▶ ASSIGNMENT:
Every line of the data below should be repeated exactly, and no picture should be copied.

▶ AVAILABLE DATA:
'''
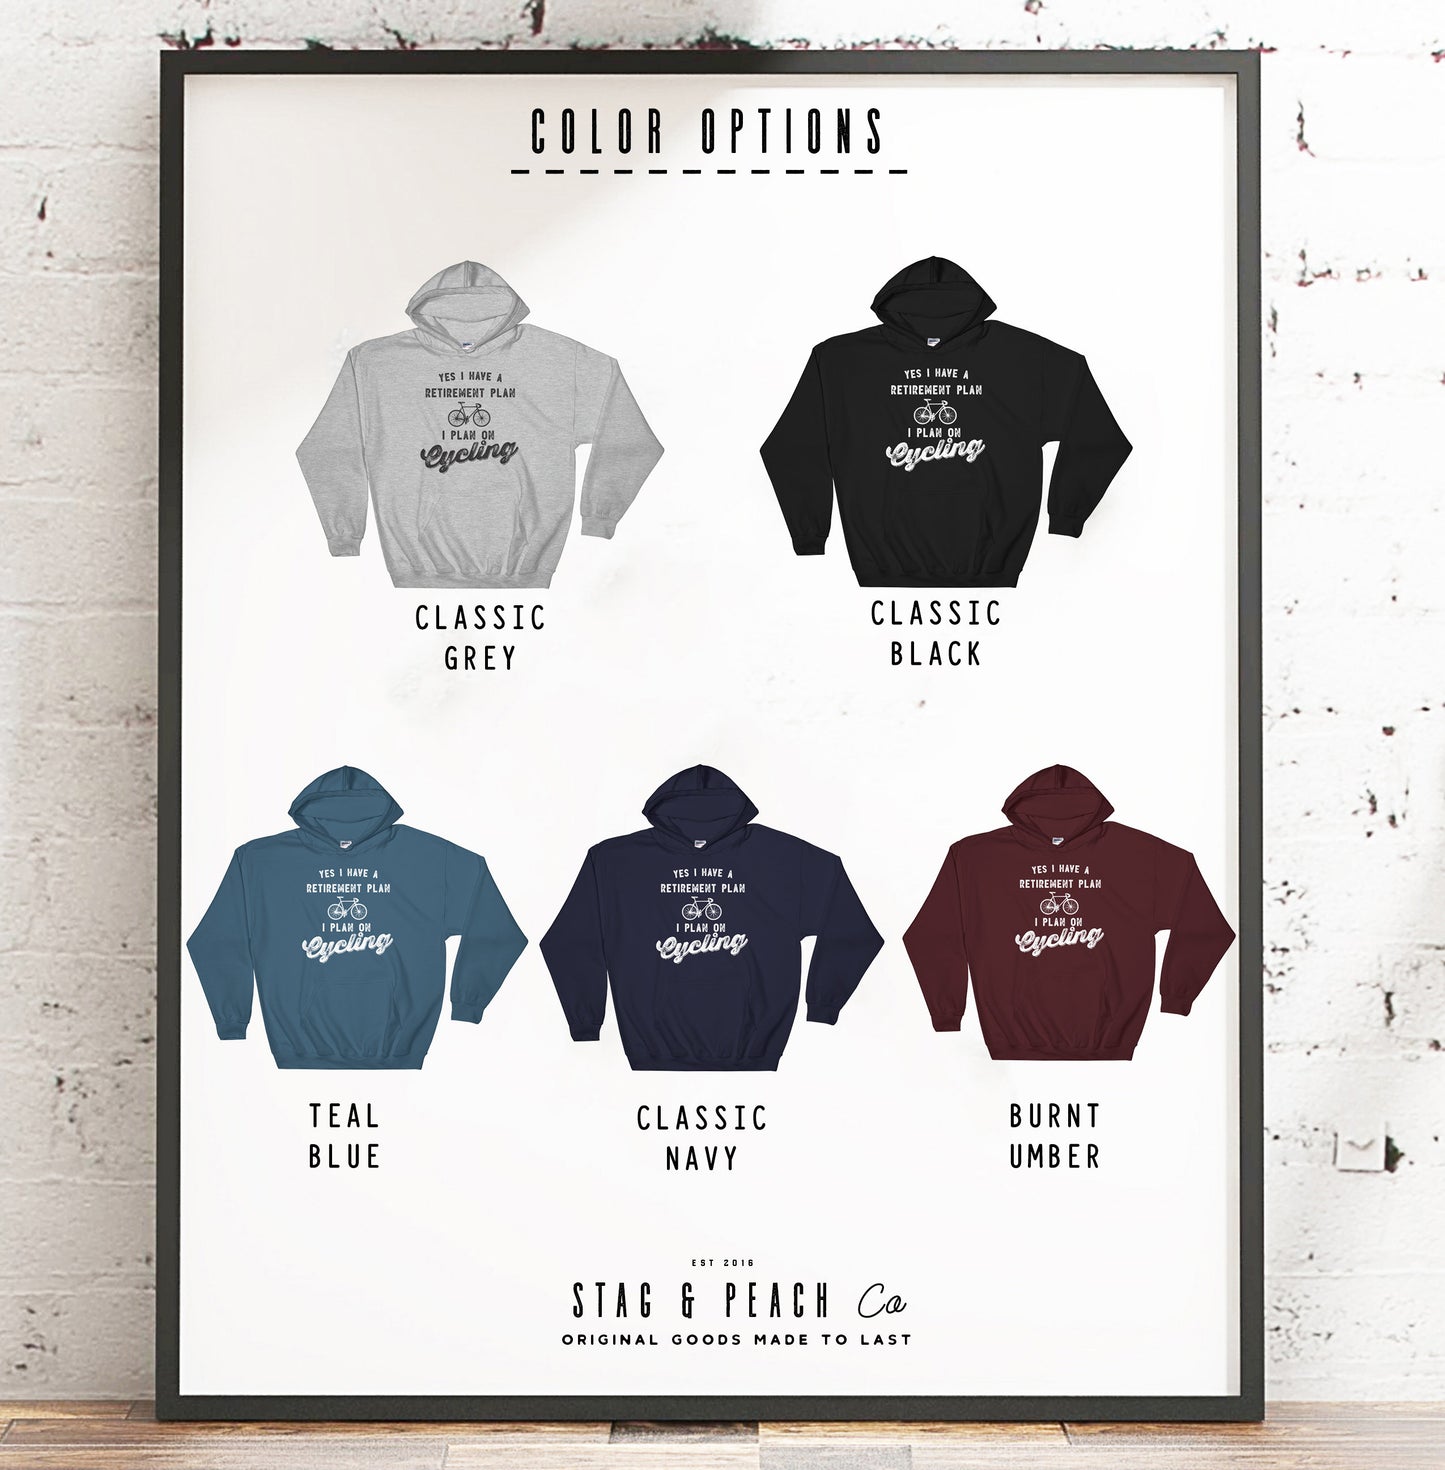 Yes I Have A Retirement Plan I Plan On Cycling Hoodie - Cycling Hoodie, Bicycle Shirt, Bicycle Tshirt, Bicycle Lover Gift, Cycling Shirt
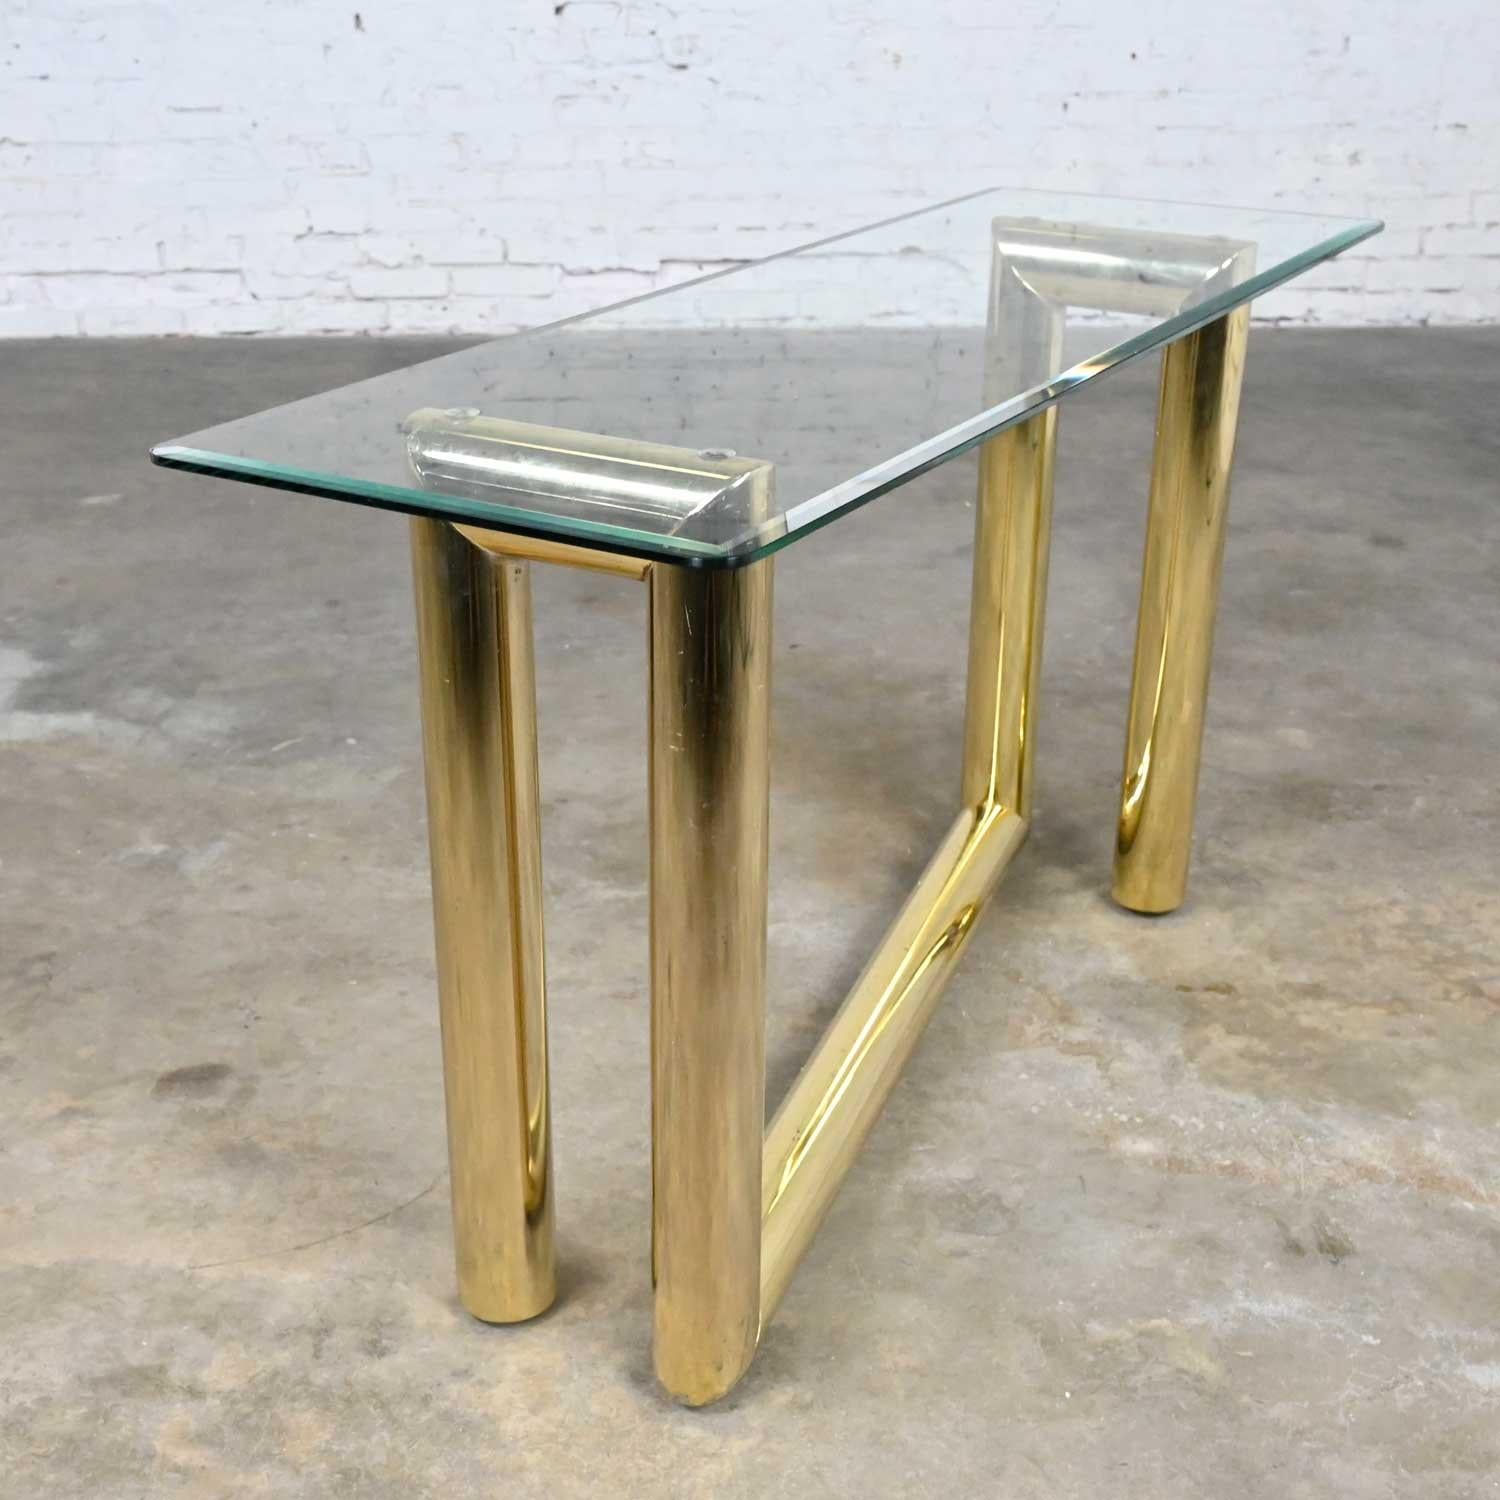 Vintage Modern Brass Plated Console Sofa Table Glass Top Style Karl Springer 1
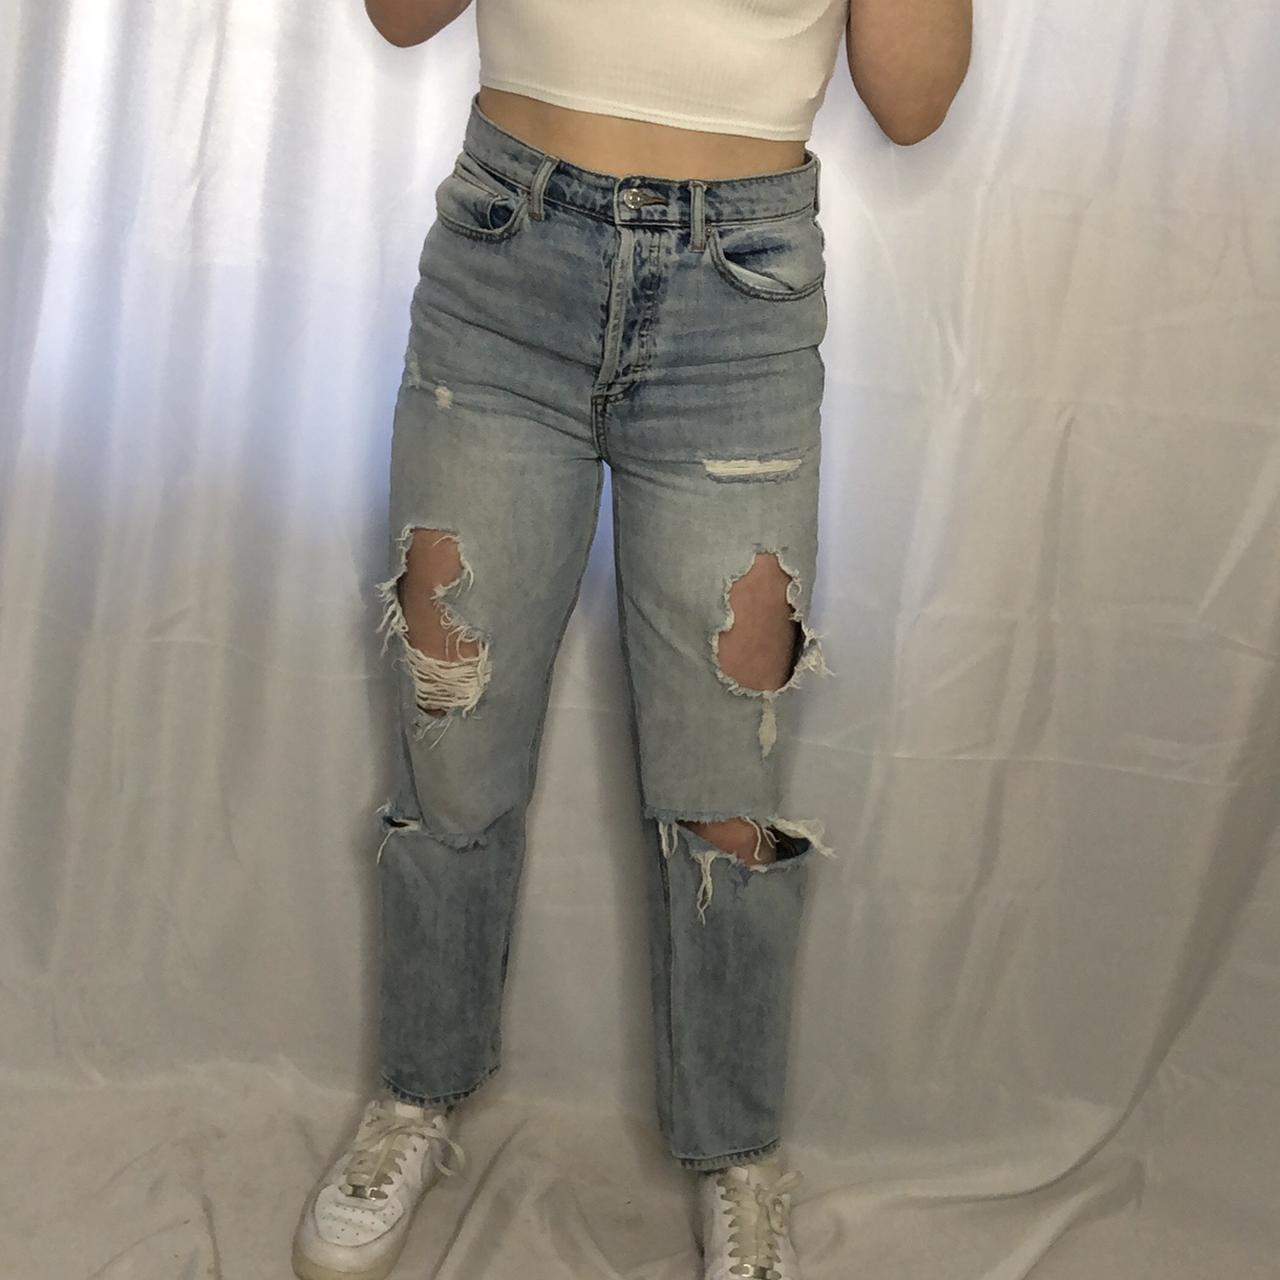 Product Image 1 - Distressed Urban Outfitters Jeans. Light
'''
▶ RESULT BELOW:
 Yes I Have A Retirement Plan I Plan On Cycling Hoodie - Cycling Hoodie, Bicycle Shirt, Bicycle Tshirt, Bicycle Lover Gift, Cycling Shirt
 Vintage Modern Brass Plated Console Sofa Table Glass Top Style Karl Springer 1
 Product Image 1 - Distressed Urban Outfitters Jeans. Light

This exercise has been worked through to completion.